25 March 2025
A collaborative approach to enhancement

Author
Dr Dom Henri
Senior Lecturer in the School of Natural Sciences at the University of Hull; Principal Fellow of the Higher Education Academy and National Teaching Fellow
There was a recent report jointly published by the Royal Society and the British Academy which considered the state of the funding landscape for educational research since 2010, outlining multiple current and future challenges to UK educational research funding. Education research suffers from the lack of a dedicated research council (compared to say medical research) – and the future security of national support to improve educational practice is unclear. Such investment in education research will be essential in sustaining a sector in crisis – a key source of solutions to the challenges we face today and the rapidly changing expectations of what universities will be able to achieve in the near future.

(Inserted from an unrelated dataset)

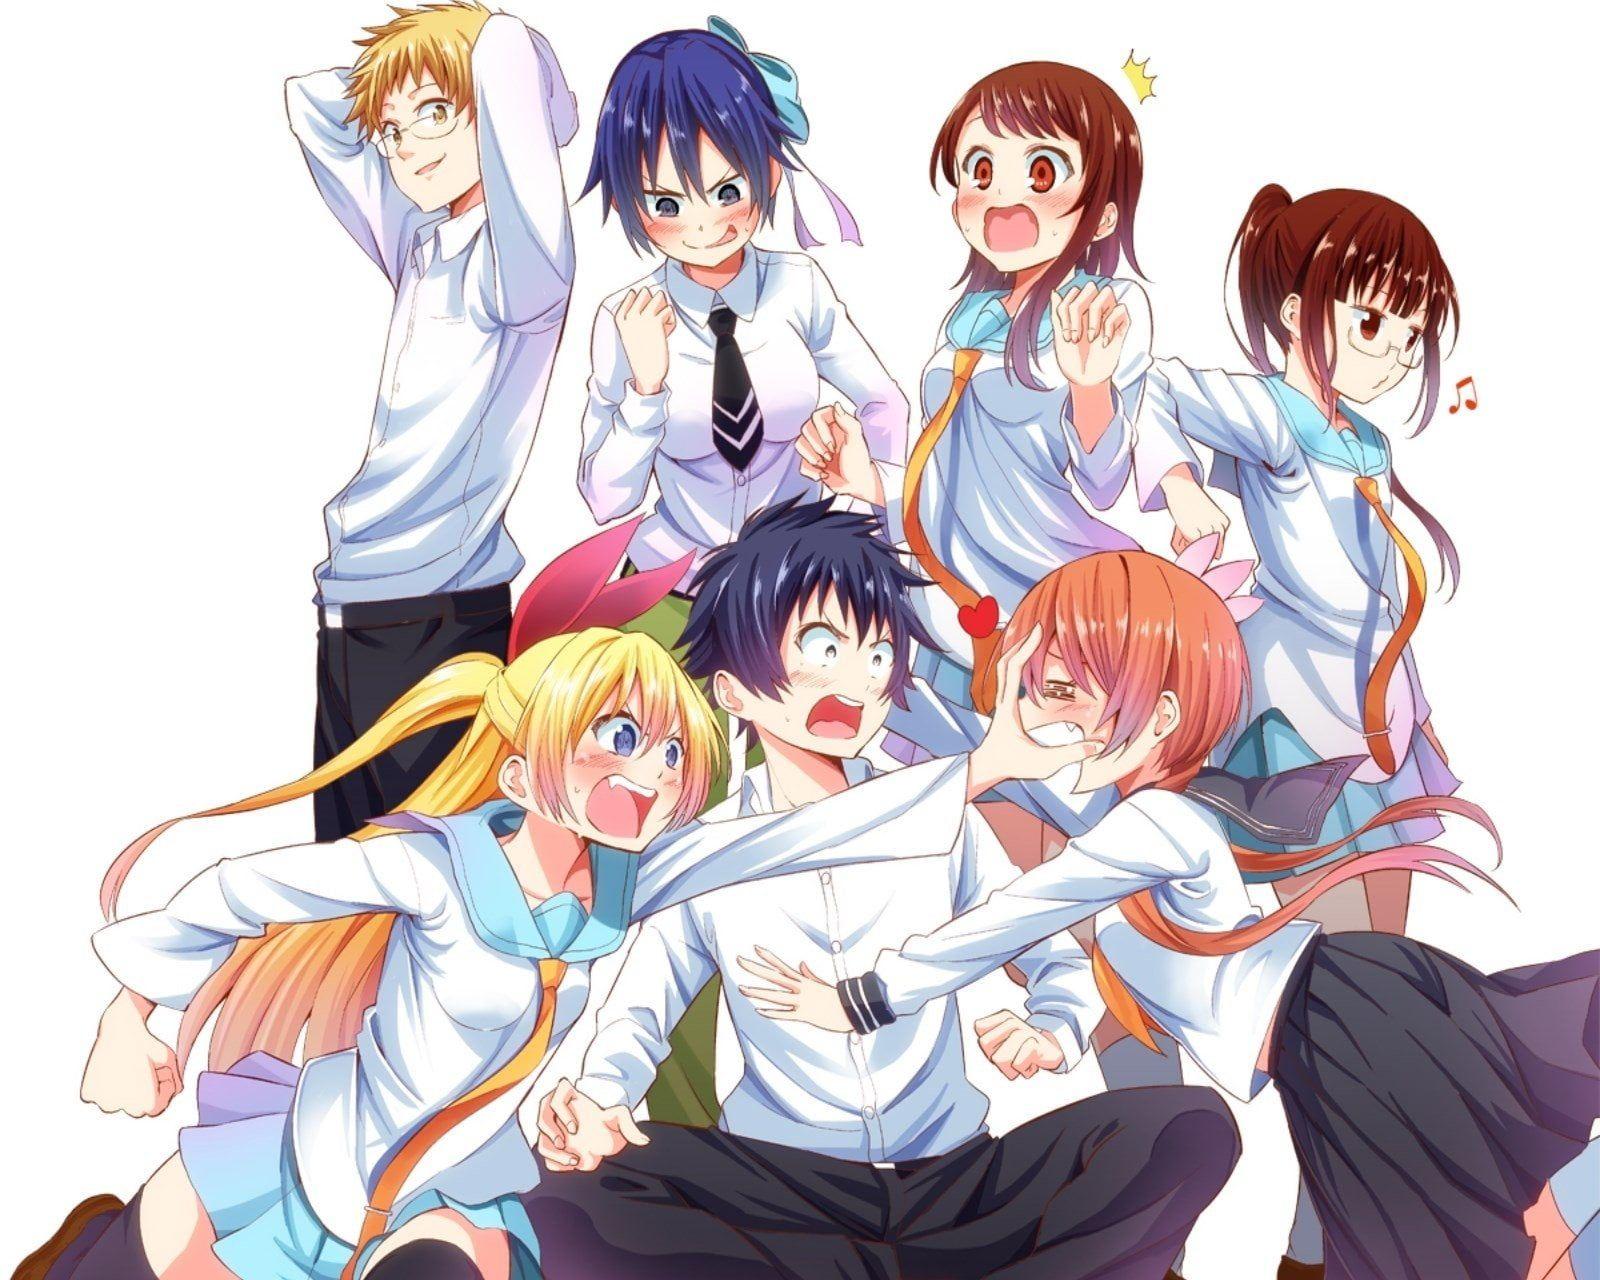 Nisekoi Wallpaper Anime Nisekoi Chitoge Kirisaki Kosaki Onodera Marika Tachibana Raku Ichijō Ruri Miyamoto Seishirou ร กลวงป วนใจ ต วละครจากการ ต น ภาพประกอบ
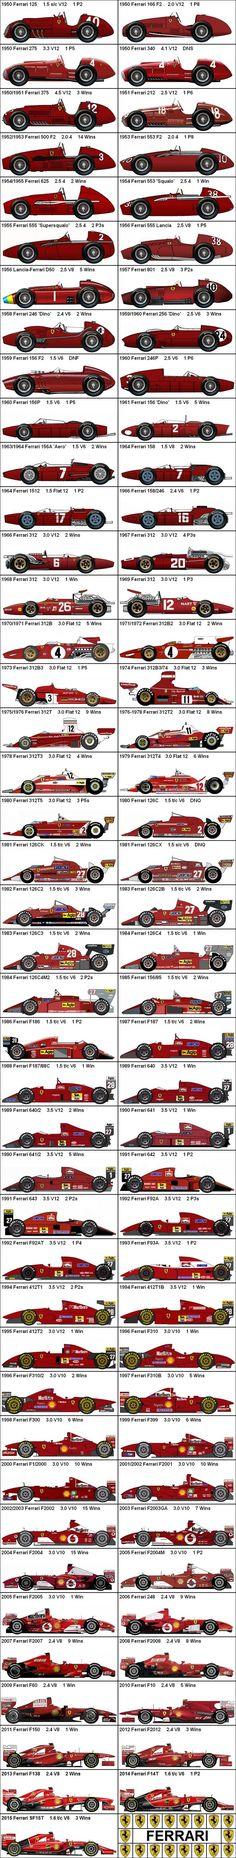 Formula One Grand Prix Ferrari 1950-2015 - https://www.luxury.guugles.com/formula-one-grand-prix-ferrari-1950-2015/

QAA's support for its series of Collaborative Enhancement Projects – or CEPs – offers one of the few examples of where dedicated funding for this kind of work can be found. It funds work which is essential to the future of the sector – from studies of how we might most appropriately respond to the emergence and proliferation of generative AI, say, to research on how we evolve what higher education does to best meet the needs of its most important stakeholders (our students). There are precious few other opportunities for such work to be supported in this kind of way. And we've yet to see the full array of benefits from such work – whose longer-term impacts will accrue increasing amounts of value for our sector, students and colleagues as the earliest projects continue to mature.
This kind of support has proven, and continues to prove, invaluable to the work, prestige and profiles of colleagues, like me, who have chosen education-focused pathways for our academic career. Indeed, I'm not exaggerating when I say that the opportunity to participate in a CEP has had a massive impact on my career, as it was a crucial element of my successful Principal Fellowship application.
Working in partnership with colleagues from Bishop Burton College, Cardiff, Chester, Leicester and Newcastle Universities, I'm currently one of the leads on a QAA-funded CEP charting the possibilities of competence-based assessment strategies. This project is itself a follow-up on from an earlier CEP lead by the University of Hull, which more broadly explored competence-based education. These are part of a series of projects we've developed at Hull redefining higher education to embrace a shift from a knowledge-based curriculum towards a competence-based model – one which holistically promotes what our students can do and who they can be.
One might say that, in a way, that strategy is echoed in the collaborative, enhancement-focused, practice-led approach that underpins these CEPs.
These CEPs are properly collaborative – not just in terms of the partnerships between the providers who participate in them, but in terms of the relationships between the project delivery team and QAA. Indeed, the value of the support that our work has received isn't just about the money. The funding itself is of course very much appreciated – it makes the scope of the work possible – but the opportunities for advice, networking, profile-building, dissemination and impact which these awards bring to our projects are even more valuable.
As QAA launches a new set of CEPs for 2025, it's worth sharing a little of what I've learnt from my engagement with these processes – to benefit, I hope, those just starting on these journeys, and those considering applying for similar opportunities in future, as well as offering some more general thoughts that might be of use to anyone entering, engaging in and managing such collaborative project work.
The support we have received from QAA extends far beyond financial aid. From our very first engagement – at the project inception meeting – and then in regular meetings throughout the course of the project, our contacts at QAA have helped us refine our project management processes by working with us to set and agree clear expectations, milestones, targets and strategies to mitigate risks. This rigorous and supportive process has helped us develop our professional and project-management skills – and keep our projects on track and ensure they deliver the kind of outcomes and outputs we've planned. Regular engagements with QAA's project support specialists have given us access to a breadth of sector expertise and to opportunities to be a part of QAA's broader work, to join wider conversations, networks and platforms, where our work can achieve more extensive impacts.
So, my advice is this: Take advantage of these shared purposes – this symbiosis. Our initial CEP engagement with QAA was a bit of a wake-up call for us, with our limited experience of coordinating national-level projects. That opportunity for close liaison through the course of the project was a new approach for us, but it was one which, I'm glad to say, we chose to lean into, and from which we were able to reap real benefits.
We've extended that collaborative approach to the way we've worked with our project partners. From the outset, we developed an agreement on what partnership in the project meant and our shared expectations of each other. As the project matures, we are moving towards a steering group model of working, attempting to develop a sense of shared ownership of key project outputs, with project partners contributing to the impetus that drives the work forward.
And that's a way of working which, beyond the scope of these projects, has transformed my approach to collaboration and project management.